Excerpted data:
■ ■ ■ ■

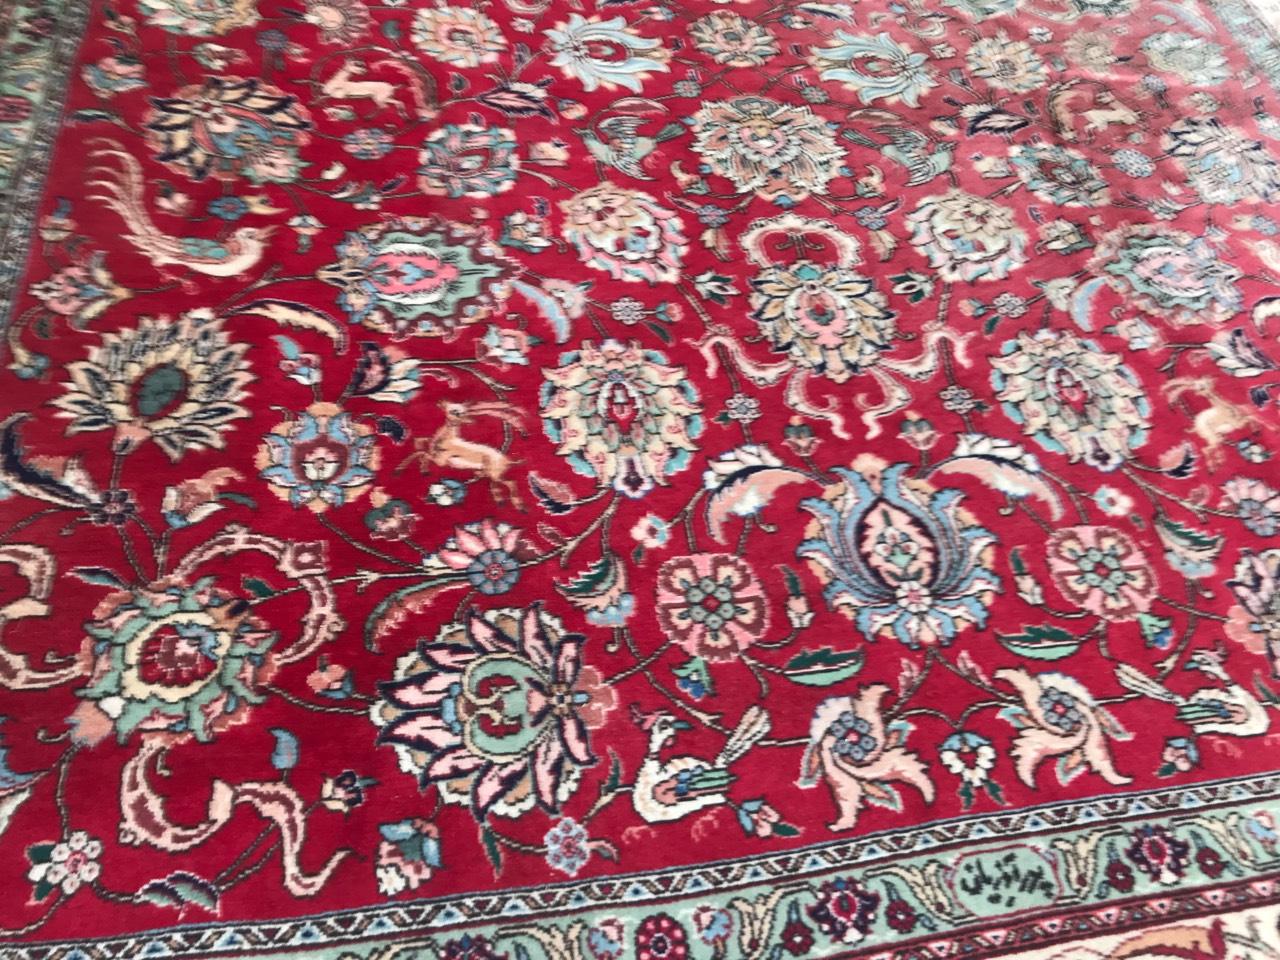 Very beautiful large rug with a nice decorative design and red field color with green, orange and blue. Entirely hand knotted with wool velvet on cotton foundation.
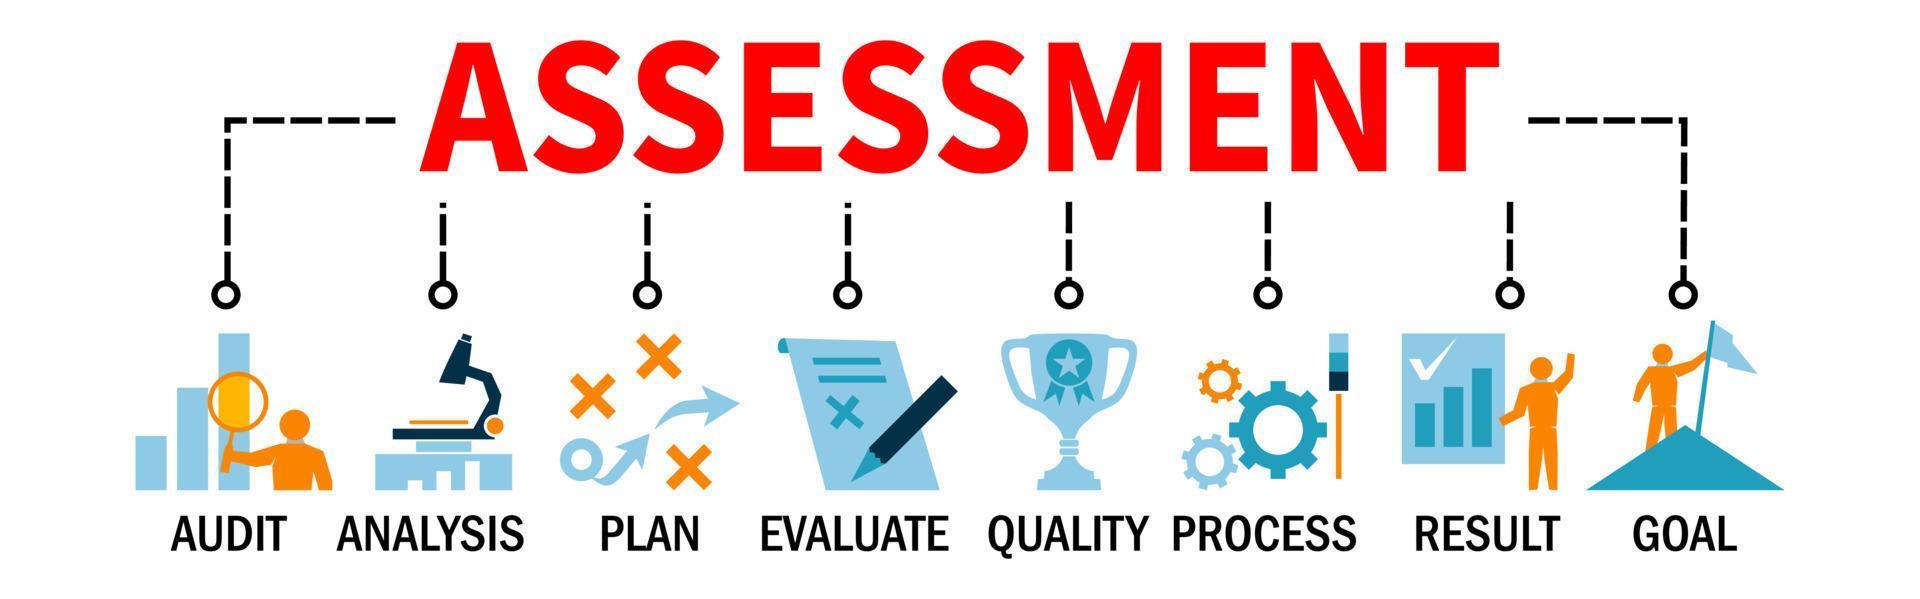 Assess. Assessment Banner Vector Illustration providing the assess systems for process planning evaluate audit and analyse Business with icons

■ ■ ■ ■

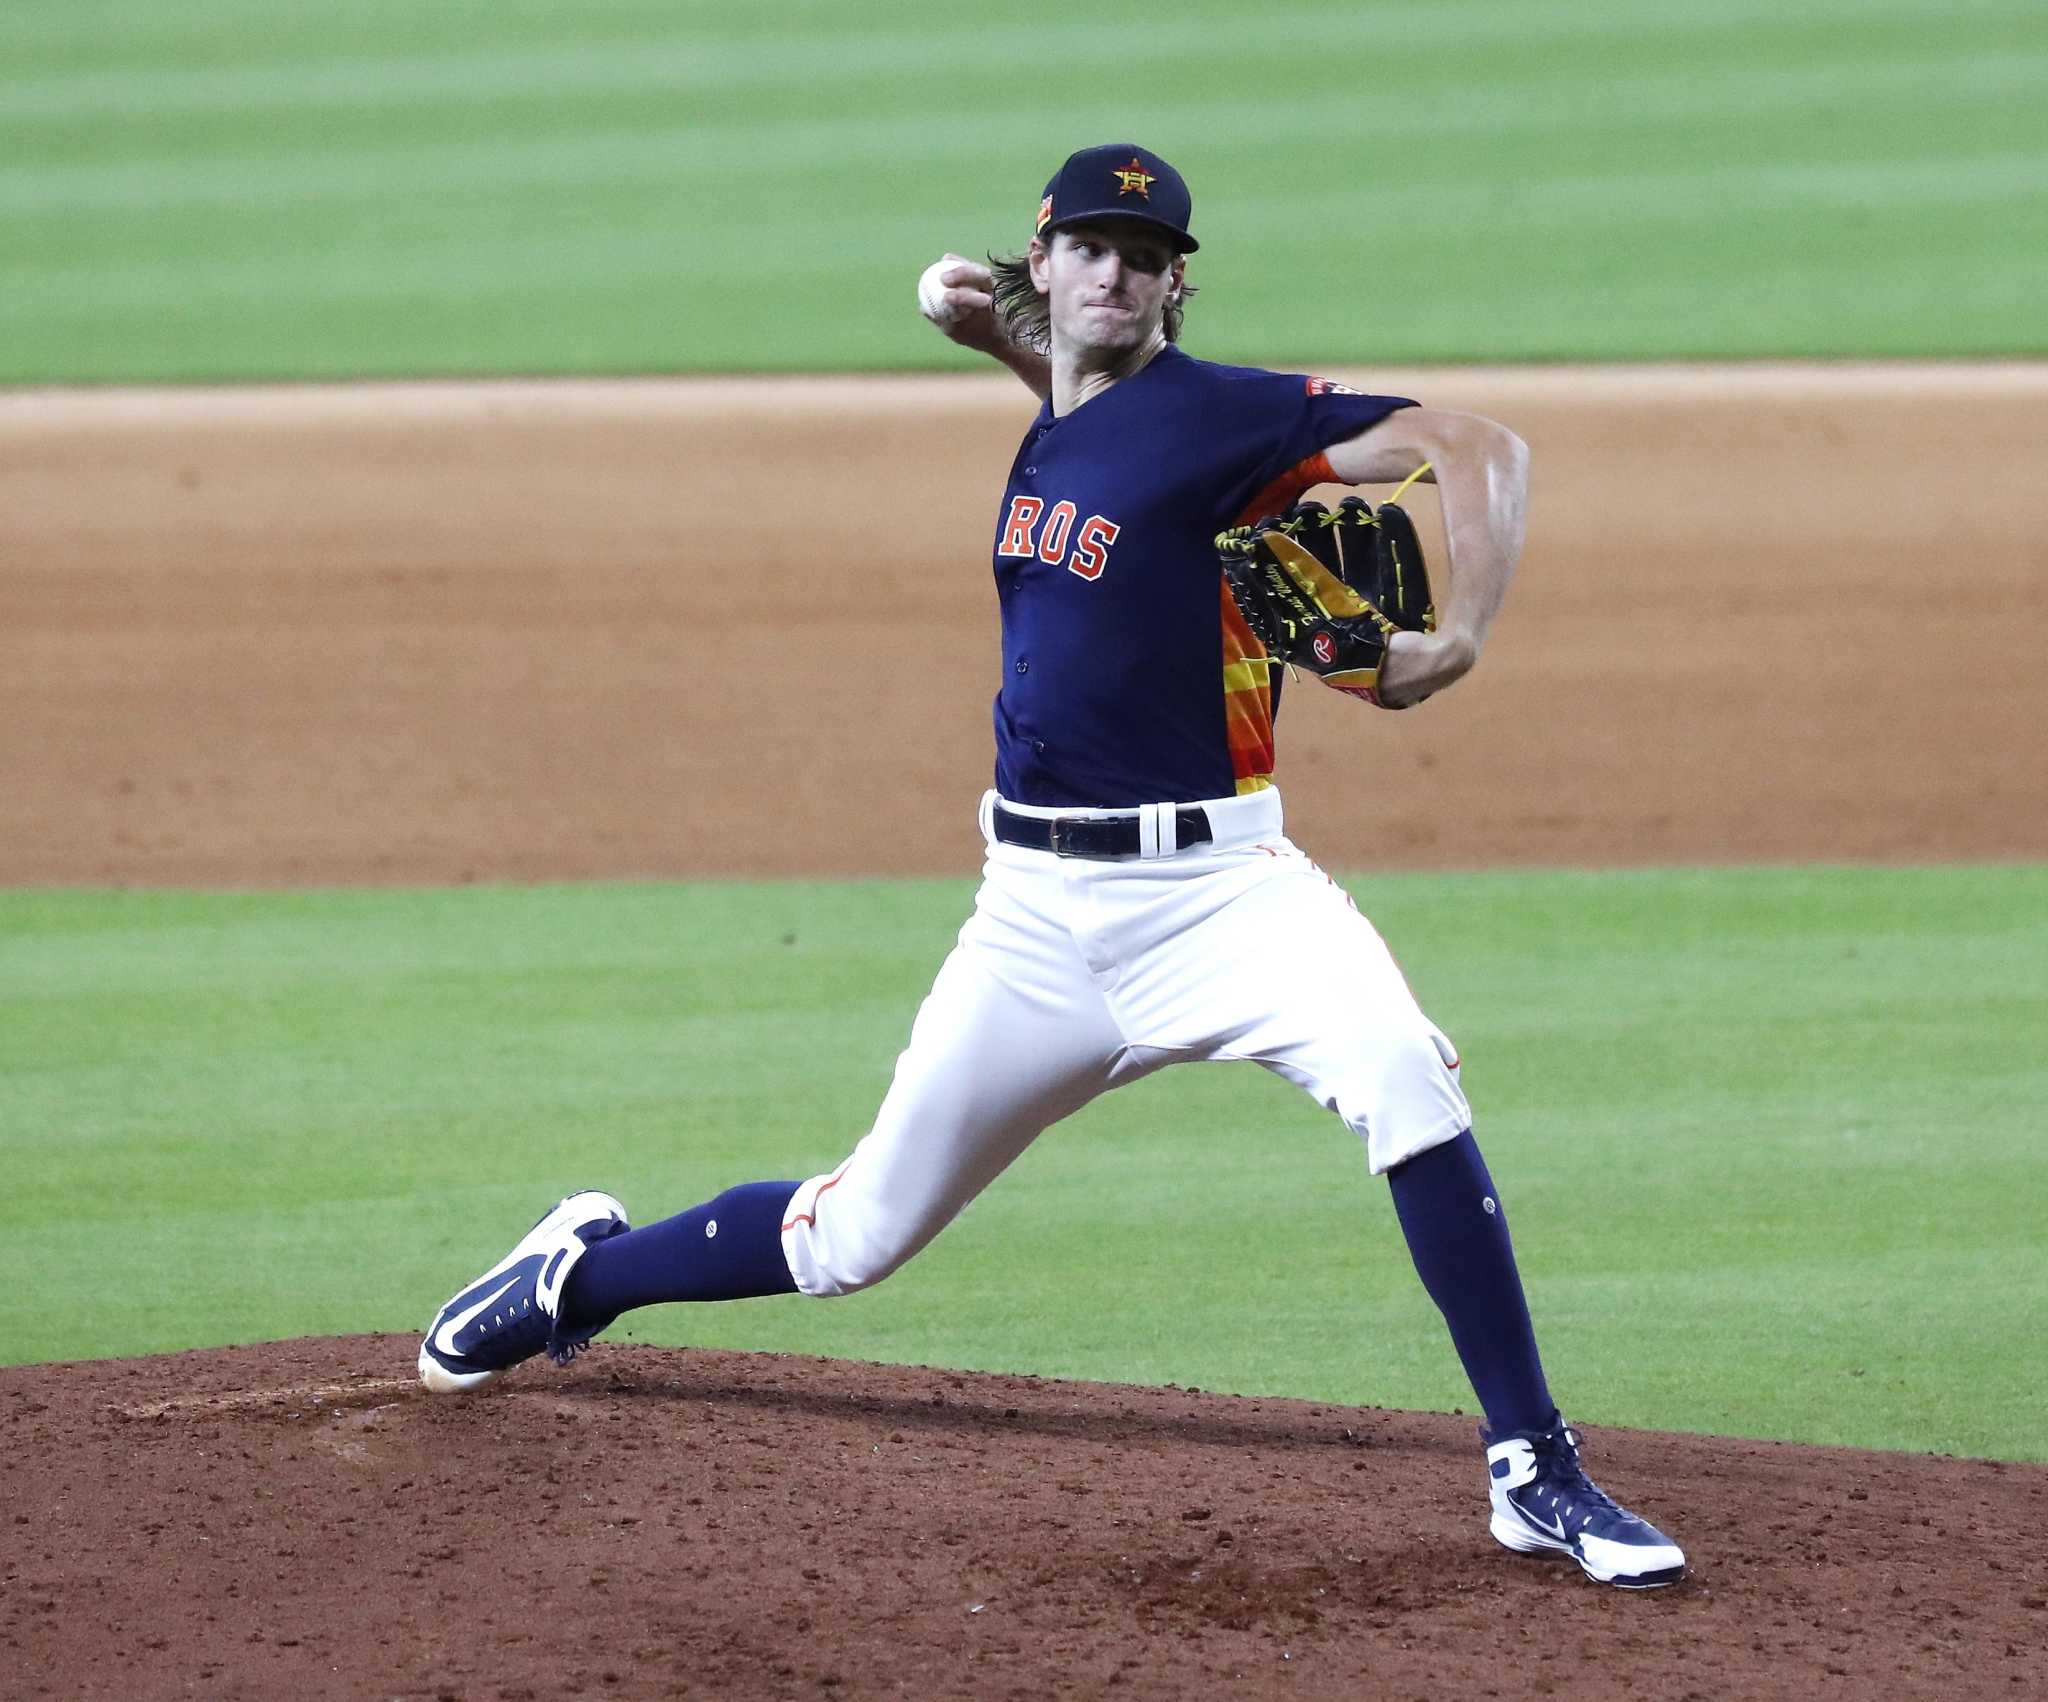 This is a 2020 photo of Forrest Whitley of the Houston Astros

■ ■ ■ ■

Activity: What belongs in the answer is each line above from the line with "Very beautiful large" to the line with "Assess. Assessment Banner", inclusive, reproduced exactly and free of pictures.

Task answer:
 Very beautiful large rug with a nice decorative design and red field color with green, orange and blue. Entirely hand knotted with wool velvet on cotton foundation.
 Assess. Assessment Banner Vector Illustration providing the assess systems for process planning evaluate audit and analyse Business with icons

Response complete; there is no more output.